Fast forward to the end of the work day, I literally have 40 minutes left and I have to use the urination station something fierce.  So I choose the first stall.  That's my favorite. It has the highest toilet seat and I seem to be a lot taller than most of the females I encounter.  It makes me feel like I'm sitting on a throne.  Okay, not really, however I don't feel like I'm doing a trust fall when I sit down to get down to business.  I always inspect the toilet before going. I think it's important.

Today I notice someone had left skid marks (this is also pertinent information for the story you're about to read).  Usually, I would move to another stall because ew.  Today, I decided not to because I was having one of those "Good lord I'm going to pee myself if I don't unbutton these pants at this very moment" kind of things.  The toilets are also automatic and super ridiculously strong.  Like the ocean probably loses a 1000 gallons of water for one flush (not really, but you get my drift)...so what took place in there prior to my visit must have been...well you know.

After I finished relieving myself, I knocked my glasses out of my shirt and into the toilet.

"OHHHH SHIT. OH MY GOD NO. NO NO NO." - I said half of that, the other half I was thinking in my head.

Then came the bargaining....do I reach in there? No, someone else's skids and my pee are in there...but ugh, oh god I paid 300 bucks for these.  I'm gonna do it.  Ugh this is so gross.

I stood up, pulled my underoos and pants up bracing myself for what I was going to have to do...then I turned around and in a split second, the toilet flushed and they were gone.

"OH MY GOD. NO."

I proceeded to tell my coworkers while laughing and crying from laughing so hard.  Then I felt like I needed to do the right thing and tell maintenance what had happened, in the event there's a huge blockage or something, they'll know it's because I flushed my glasses.

I flagged down Mike, the head maintenance guy and recounted my story to him while blushing (for the second time this week) and I could tell he was having a hard time wrapping his head around my woes.  After he stopped laughing, he looked at me and said "You realize you aren't going to get your glasses back, right? You didn't reach in there, did you?  Hey Steve! Come over here and talk to Rachele. Now tell him what you told me."

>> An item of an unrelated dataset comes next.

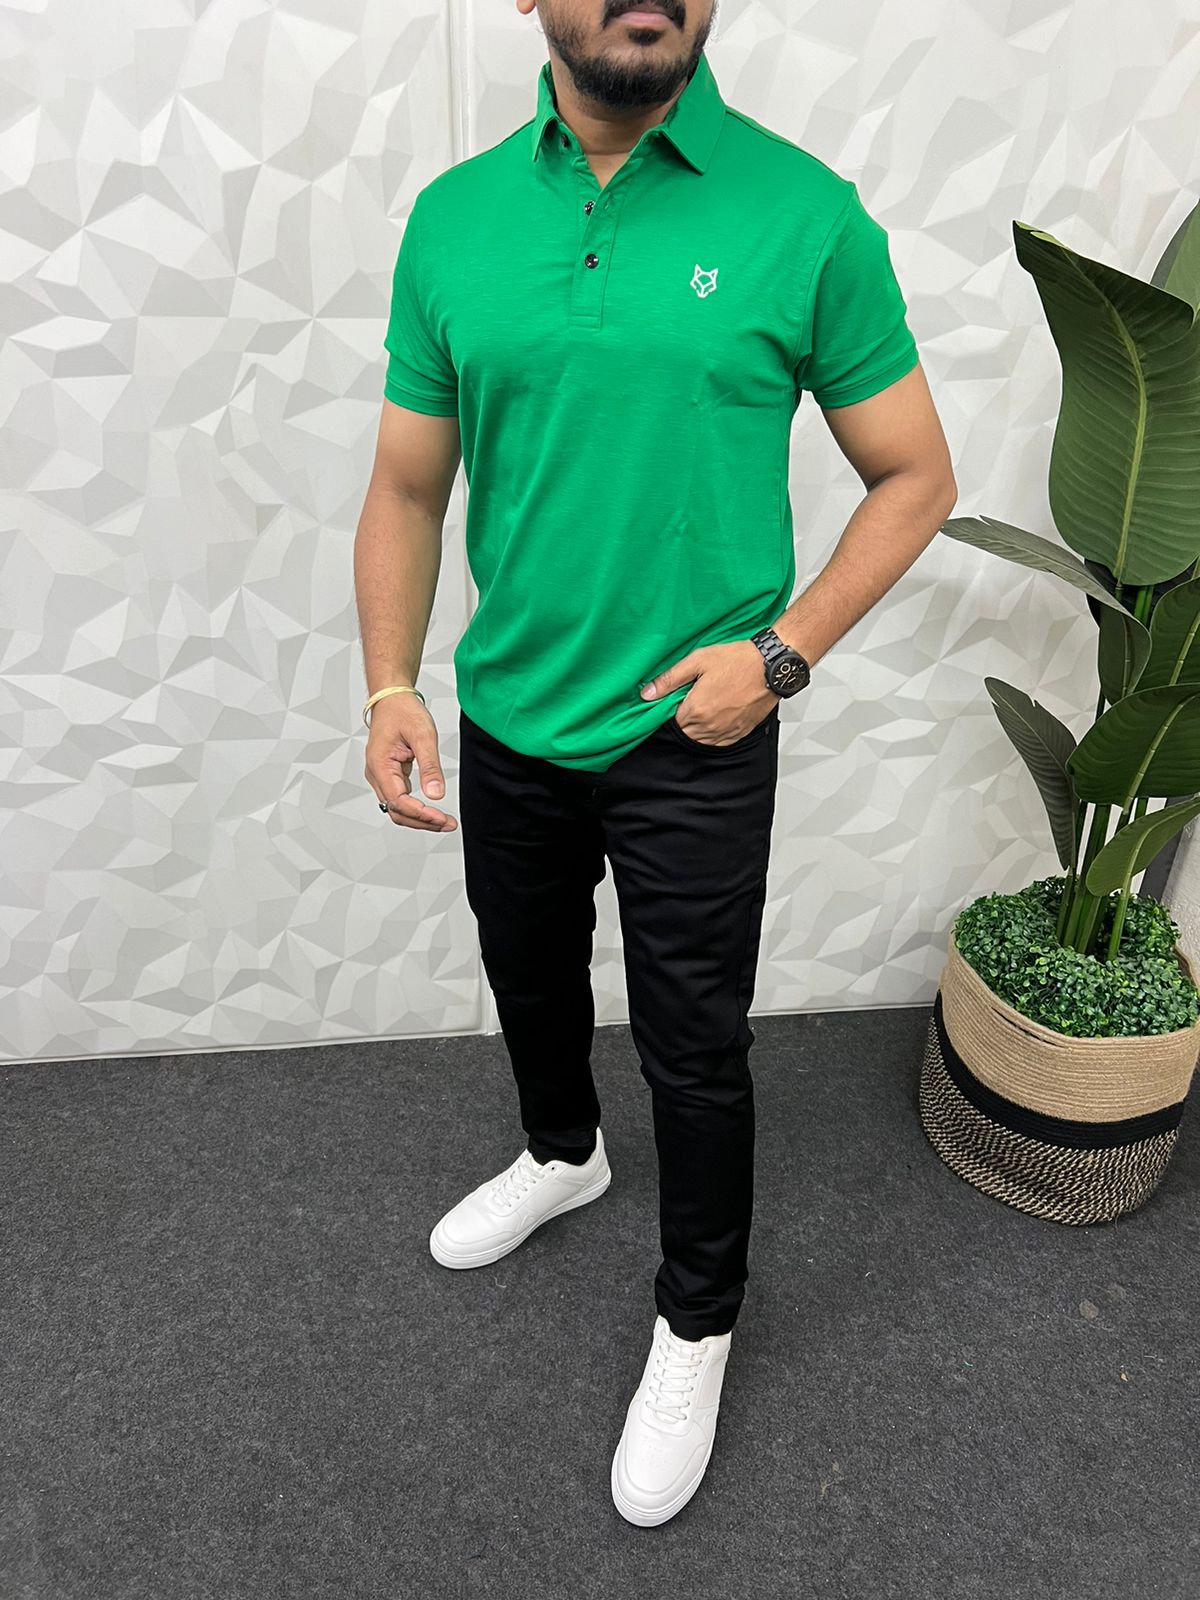 Glaze Imp lycra collar t-shirt ( green )

Then I had to tell the other maintenance guy what happened...he was also dumbfounded at my sheer luck and after HE STOPPED laughing, he got silent and said "Now you know you're not gonna see those glasses ever again.  Just so we're clear. Also, you probably wouldn't want to wear them anyways.  You didn't stick your hand in there did you?"

I replied with "I just want y'all to know I just peed in there.  It was someone else's poop stuck to the toilet wall but I really had to pee.  Also, I thought about reaching for them...but the automatic flusher beat me to it and now I'm actually really grateful because that would have been gross. Even if it was my own poop, still would have been nasty."


And now you're either really grossed out...or your stomach hurts from laughing.  Or probably both.  And just a note for future references...If your glasses aren't on your face, don't take them into the bathroom.

That's it for this saga of Riley Writes.  Now I'm going to drink wine.